As the shadow banking system grew, our system failed to require real transparency, sufficient capital or meaningful oversight. Rapid growth in key markets hid misaligned incentives and underlying risk. Financial innovation often outpaced the capacity of managers, regulators and markets to understand new risks and adjust. Throughout our system we had increasingly inadequate capital buffers – as both market participants and regulators failed to account for new risks appropriately. Short-term rewards in new financial products and rapidly growing markets overwhelmed or blinded private sector gatekeepers, and swamped those parts of the system that were supposed to mitigate risk. Consumer and investor protections were weakened and households took on risks that they often did not fully understand and could ill-afford.
Rising home and other asset prices had helped to feed the financial system’s rapid growth, and to hide declining underwriting standards and other underlying problems in the origination and securitization of mortgage loans. When home prices began to flatten, and then to decline, fault lines were revealed. The asset implosion in housing led to cascades throughout the financial system, and then to contagion from weaker firms to stronger ones. Failures in the shadow banking system fed failures in the more regulated parts of the banking system. And then, in the fall of 2008, credit markets froze. The over-reliance on short-term financing, opaque markets and excessive-risk taking that had been the source of significant profit on Wall Street and in financial capitals globally, fanned a panic that nearly collapsed the global financial system.
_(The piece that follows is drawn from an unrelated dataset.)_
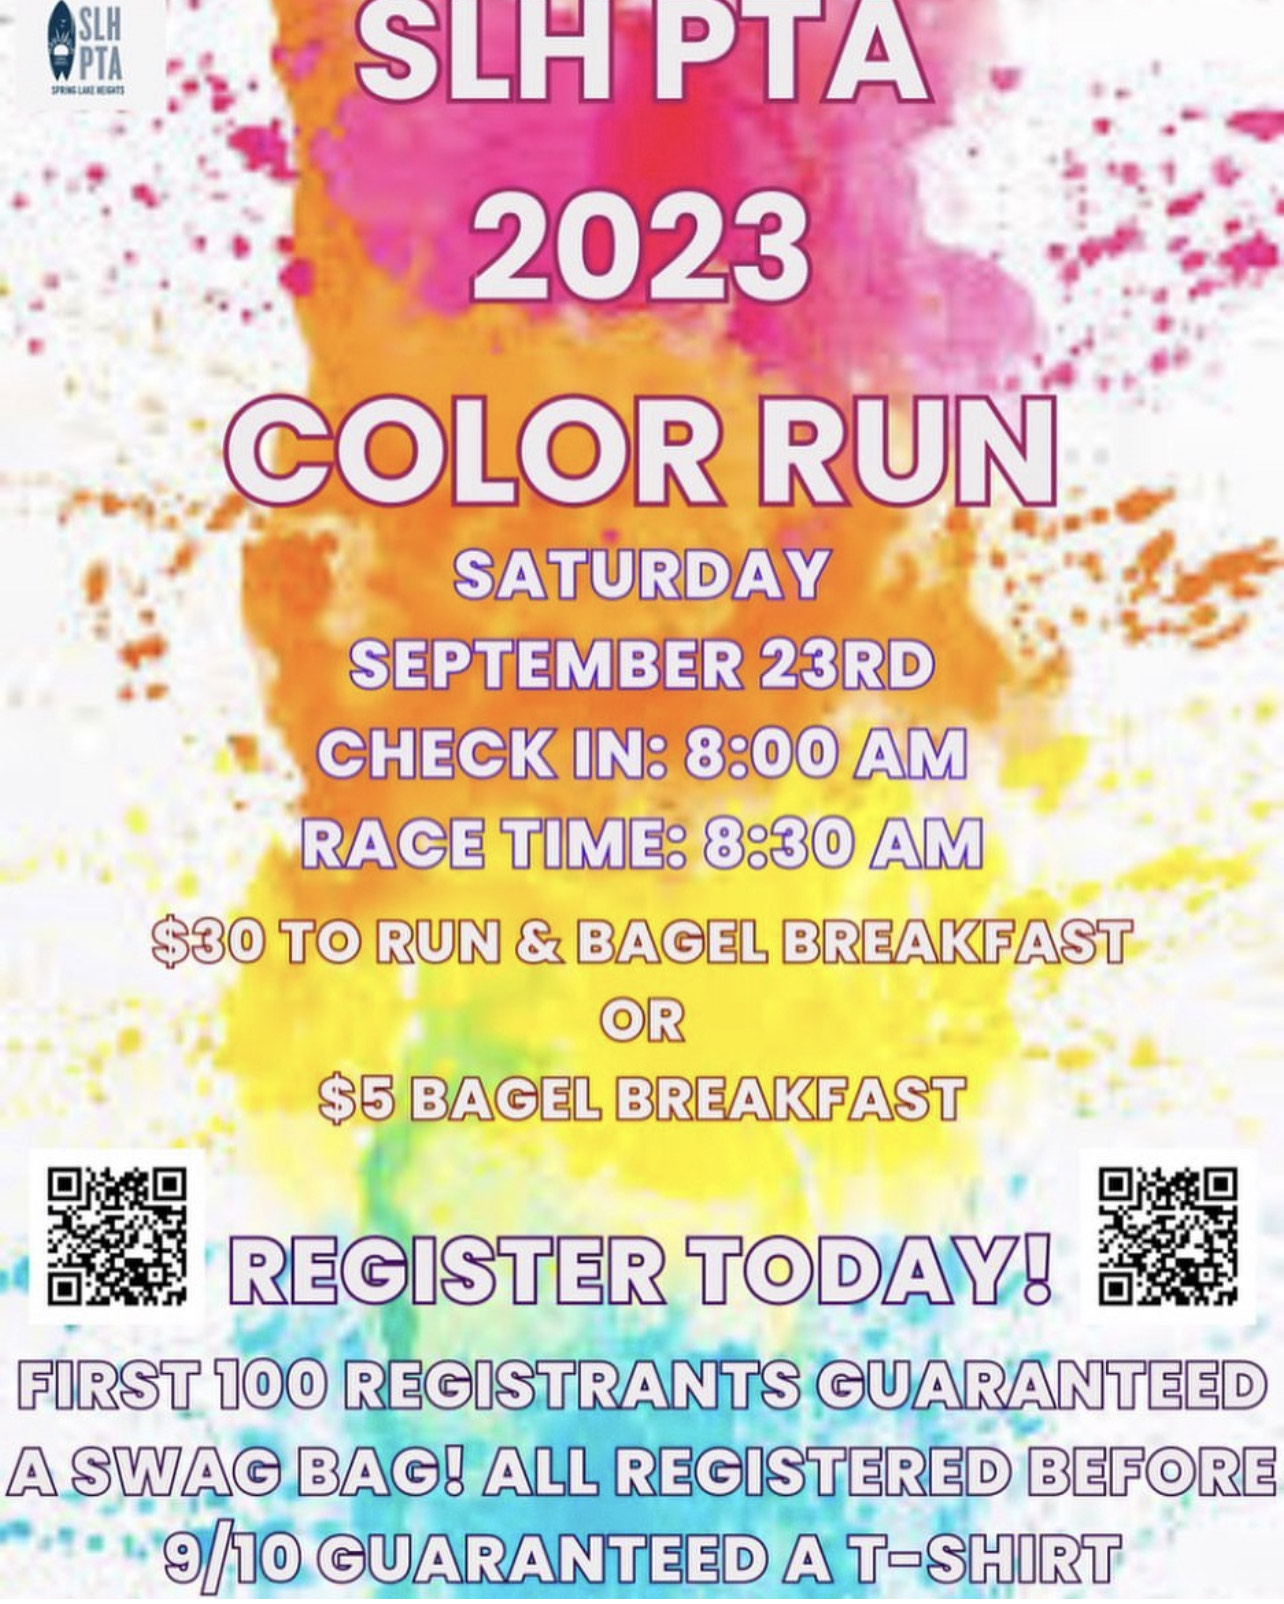 SLH PTA Color Run 2023

The major U.S. investment banks merged, failed, or sought a life-line from the Federal Reserve as newly converted bank holding companies. The federal government injected capital into major commercial banks shaken in the aftermath of the collapse of Lehman Brothers. The FDIC put in place guarantees across the entire banking system. The Federal Reserve pumped liquidity into the financial system to halt further economic collapse. A dangerous run on money market mutual funds was halted by guarantee and liquidity programs set up by Treasury and the Federal Reserve. Congress enacted a major stimulus plan to keep the economy from cratering.
Yet stabilizing the financial sector did not address the failures that led to the crisis. Further action was necessary to restore discipline to our financial markets, adequate protections to consumers and investors, and the market’s long-term ability to generate economic growth for future generations of Americans. The test of whether a financial system works is whether it does a reasonable job of channeling savings to finance future innovation and growth. The test is whether it protects consumers and investors. And the test is also whether it can do so while supporting, not harming, the economy. In the lead up to 2008, our system failed that test.